Encyclopedia Britannica

John Latham

Livingstone, Zambia, 1921 - London, England, 2006
  • Date: 
    1971
  • Edition/serial number: 
    2/3
  • Media description: 
    16 mm film, also transferred to video
  • Duration: 
    11 min.
  • Colour: 
    Black and white
  • Sound: 
    Silent
  • Category: 
    Film
  • Entry date: 
    2010
  • Register number: 
    AD05834

In this film, every frame corresponds to one page in the Encyclopedia Britannica, and at a speed of seventeen frames per second, this reduces the text to an illegible blur, and produces an initial anxiety as the viewer attempts to understand the information as it flashes past. So the point of departure is a text that is universally considered canonical in terms of access to knowledge in its widest sense.
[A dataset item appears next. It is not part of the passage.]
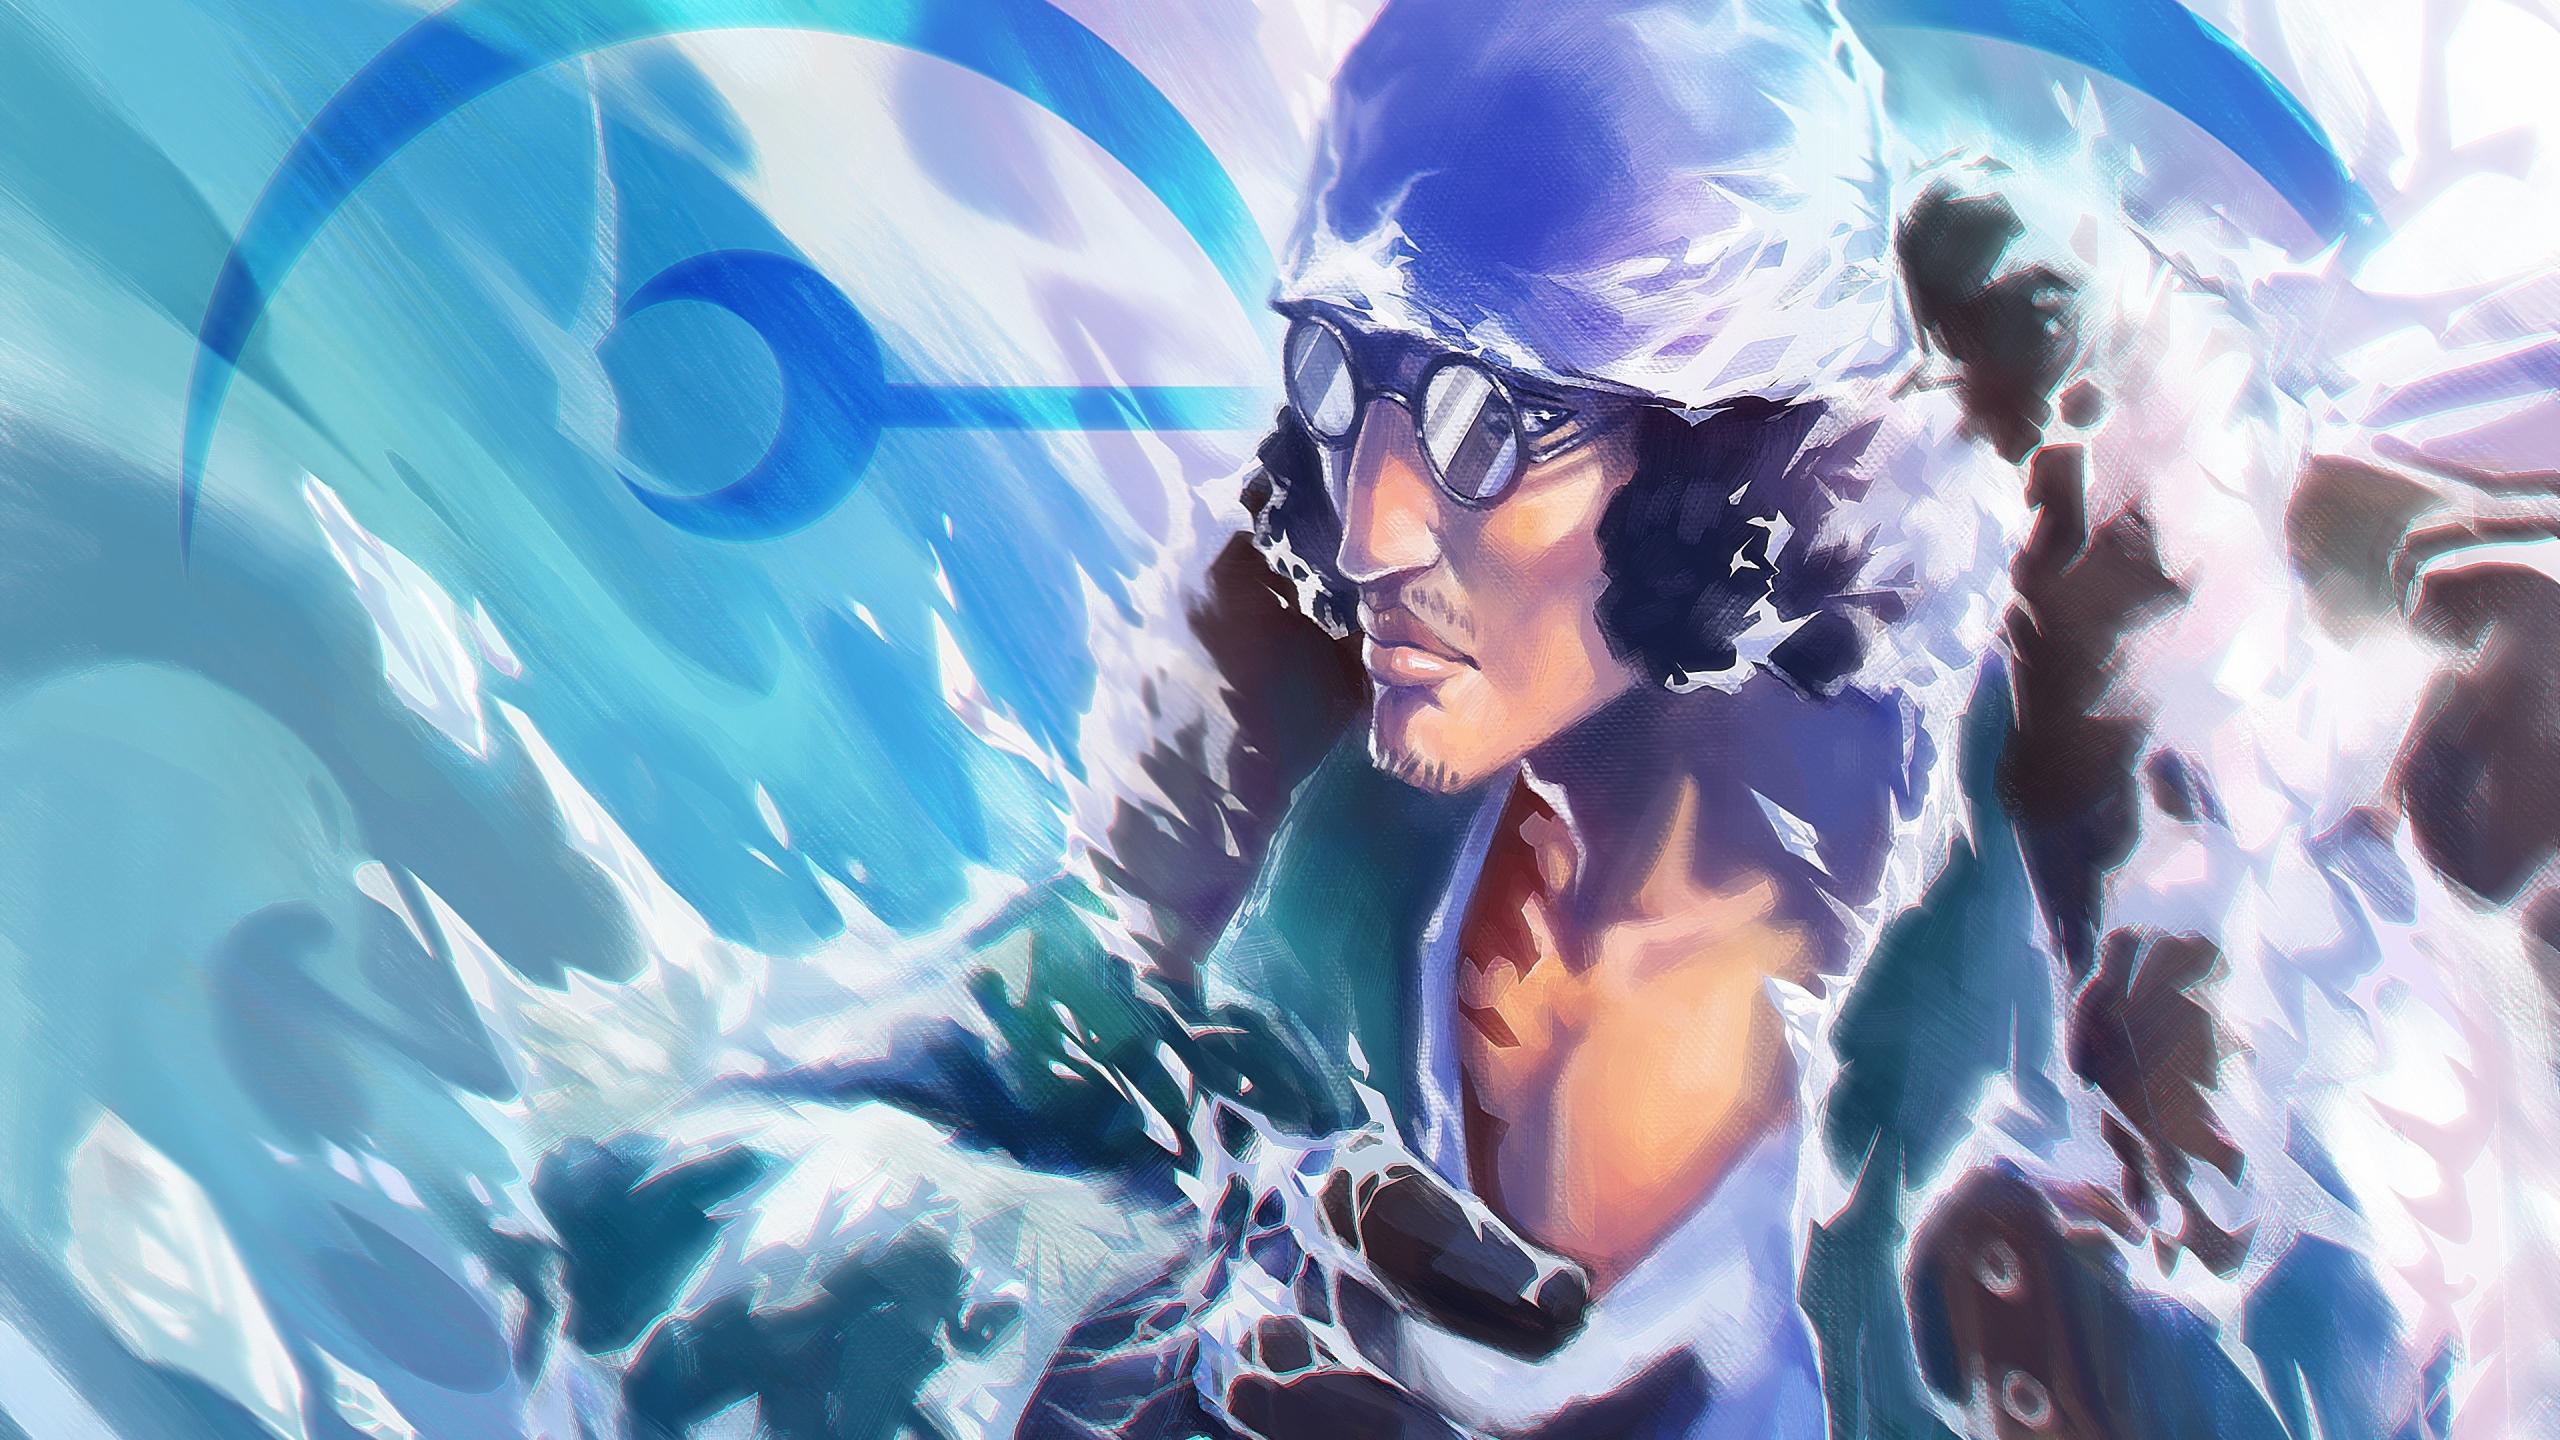 Download 2560x1440 Wallpaper Kuzan One Piece Anime Dual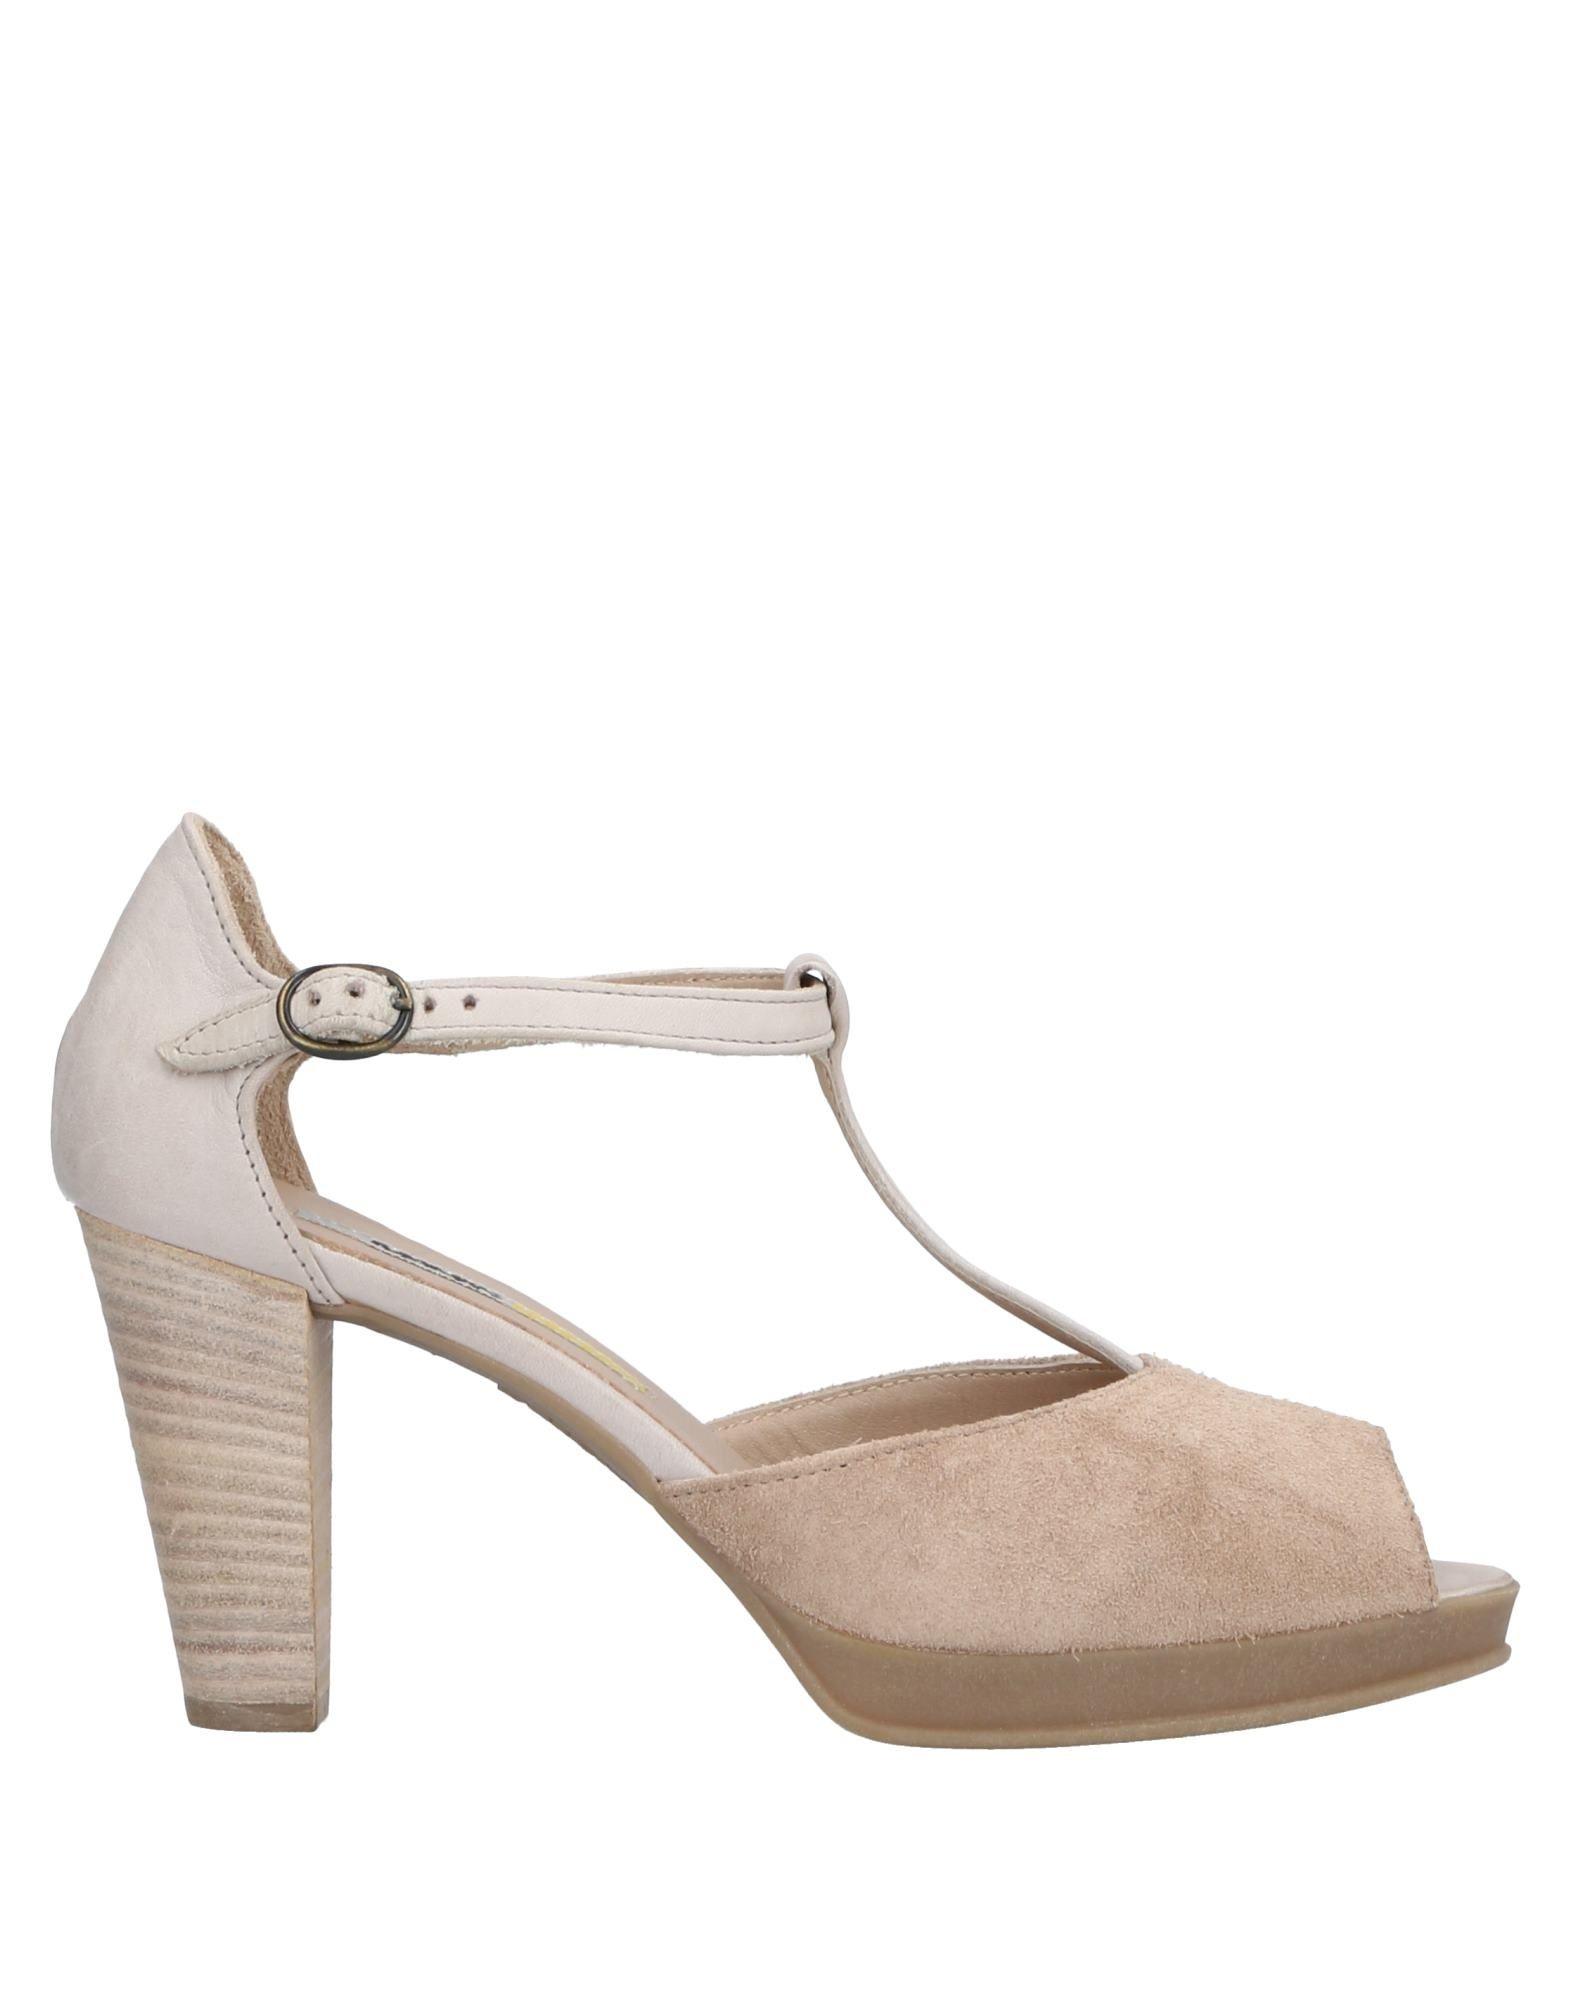 Manas Sandalen Damen  11543703SE Gute Qualität beliebte Schuhe

Its illegibility here is a reflection on human incapacity to take in knowledge through books and encyclopedic learning, using a method that turns the text into the object of a new mode of visual perception. One of the fundamental criticisms in the artist’s work was his radical stance on American critic Clement Greenberg’s formalism; however, that did not mean that his criticism leaned towards Minimalism (with which he had nothing in common), being more concerned with aspects related to conceptual art. This is a seminal piece in John Latham’s career, which brings together a number of the his work’s principal concerns: the way history is written, memory, interest in the word as a container of knowledge and the reflection on art as an autonomous object.